You can create a Data Source from local, or remote, files.
Automatic schema inference is supported for CSV files, but is not supported for NDJSON or Parquet files.
CSV files¶
CSVs must follow these requirements:
One line per row
Comma-separated
Tinybird supports Gzip compressed CSVs (csv.gz files).
The Data Sources API will automatically detect and optimize your column types, so you do not need to manually define a schema. You can use the parameter type_guessing=false
to force Tinybird to use String
for every column.
CSV headers are optional. When creating a Data Source from a CSV file, if your file contains a header row, Tinybird will use this to name your columns. If no header is present, your columns will be given default names with an incrementing number. When appending a CSV file to an existing Data Source, if your file has a header, Tinybird will use the headers to identify the columns. If no header is present, Tinybird will use the order of columns. If you can guarantee that the order of columns in the CSV file are always the same, it is safe to omit the header line.
For example, to create a new Data Source from a local file using cURL:
curl \
-H "Authorization: Bearer <DATASOURCES:CREATE token>" \
-X POST "https://api.tinybird.co/v0/datasources?name=my_datasource_name" \
-F csv=@local_file.csv
Or, from a remote file:
curl \
-H "Authorization: Bearer <DATASOURCES:CREATE token>" \
-X POST "https://api.tinybird.co/v0/datasources?name=my_datasource_name" \
-d url='https://s3.amazonaws.com/nyc-tlc/trip+data/fhv_tripdata_2018-12.csv'
When importing a remote file from a URL, the response will contain the details of an import Job. To see the status of the import, you must use the Jobs API.
NDJSON & Parquet files¶
The Data Sources API does not support automatic schema inferance of NDJSON and Parquet files. You must specify the schema
parameter with a valid schema to parse the files.
The schema for both NDJSON and Parquet files uses JSONPaths to identify columns in the data.
For example, assume your NDJSON (or Parquet) data looks like this:
{ "id": 123, "name": "Al Brown"}
Default values are not yet supported for JSONPath columns.

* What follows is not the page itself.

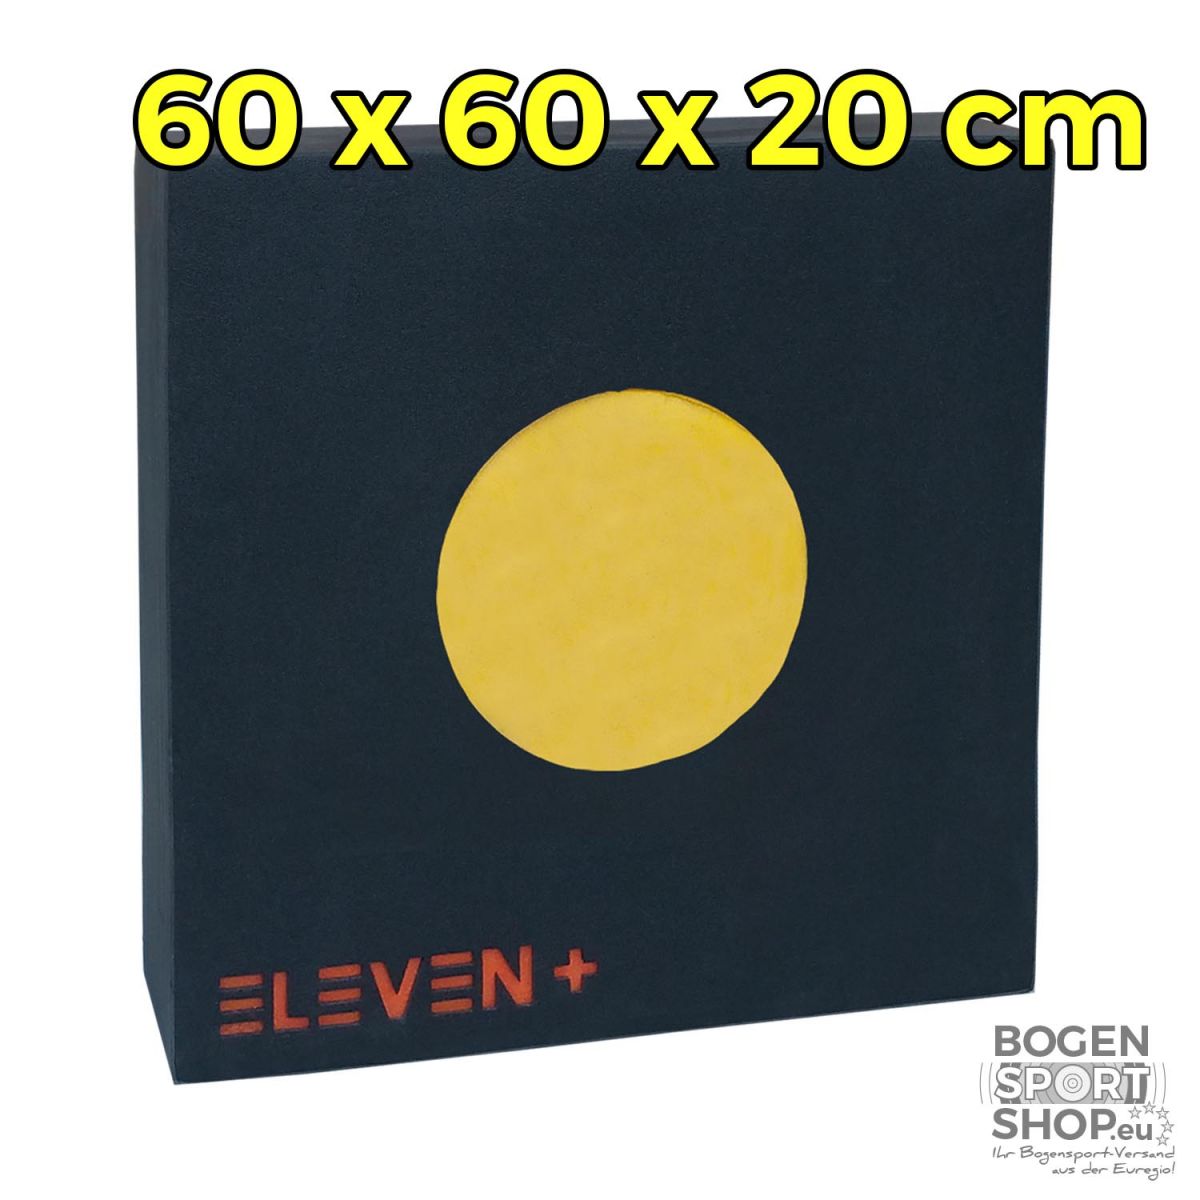 Eleven Plus 60 x 60 x 20 cm mit EZ-Pull Wechselmitte 24,5 cm
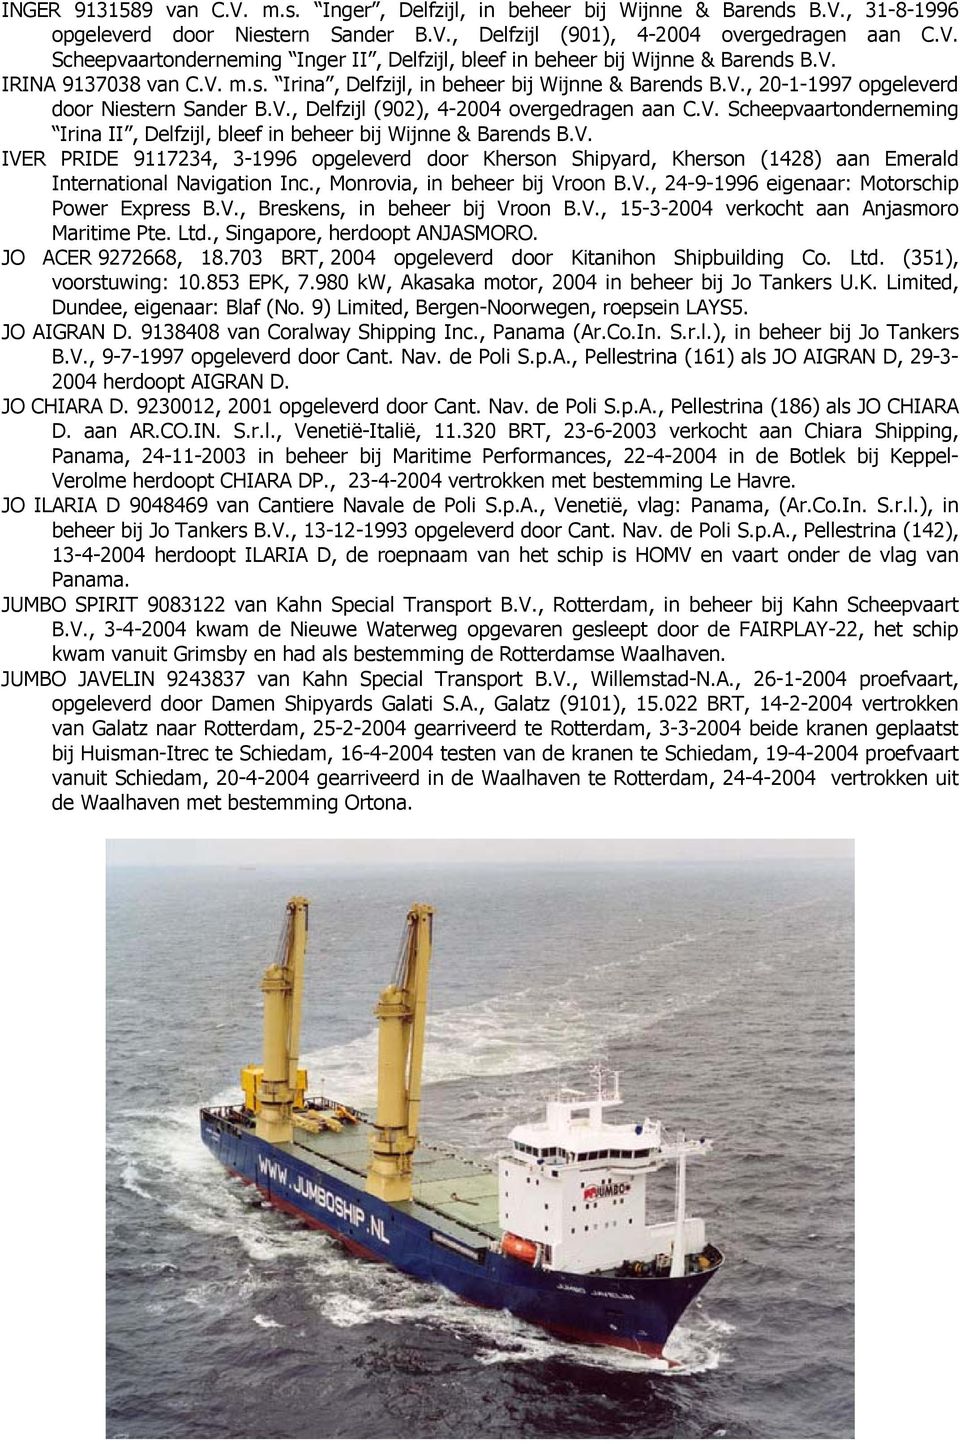 V. IVER PRIDE 9117234, 3-1996 opgeleverd door Kherson Shipyard, Kherson (1428) aan Emerald International Navigation Inc., Monrovia, in beheer bij Vroon B.V., 24-9-1996 eigenaar: Motorschip Power Express B.

Your schema definition would need to provide the JSONPath expressions to identify the columns id
and name
:
You can use the Analyze API to automatically generate a Schema definition from a file.
id Int32 `json:$.id`,
name String `json:$.name`
To create a new Data Source from a local file using cURL, you must URL encode the Schema as a query parameter. For example:
These examples use NDJSON, to use Parquet simply adjust the format
parameter to format=parquet
.
curl \
-H "Authorization: Bearer <DATASOURCES:CREATE token>" \
-X POST "https://api.tinybird.co/v0/datasources?name=events&mode=create&format=ndjson&schema=id%20Int32%20%60json%3A%24.id%60%2C%20name%20String%20%60json%3A%24.name%60" \
-F ndjson=@local_file.ndjson
Or, from a remote file:
Note the escape characters in this example are only required due to backticks in cURL.
curl \
-H "Authorization: Bearer <DATASOURCES:CREATE token>" \
-X POST "https://api.tinybird.co/v0/datasources?name=events&mode=create&format=ndjson" \
--data-urlencode "schema=id Int32 \`json:$.id\`, name String \`json:$.name\`" \
-d url='http://example.com/file.json'
When importing a remote file from a URL, the response will contain the details of an import Job. To see the status of the import, you must the Jobs API.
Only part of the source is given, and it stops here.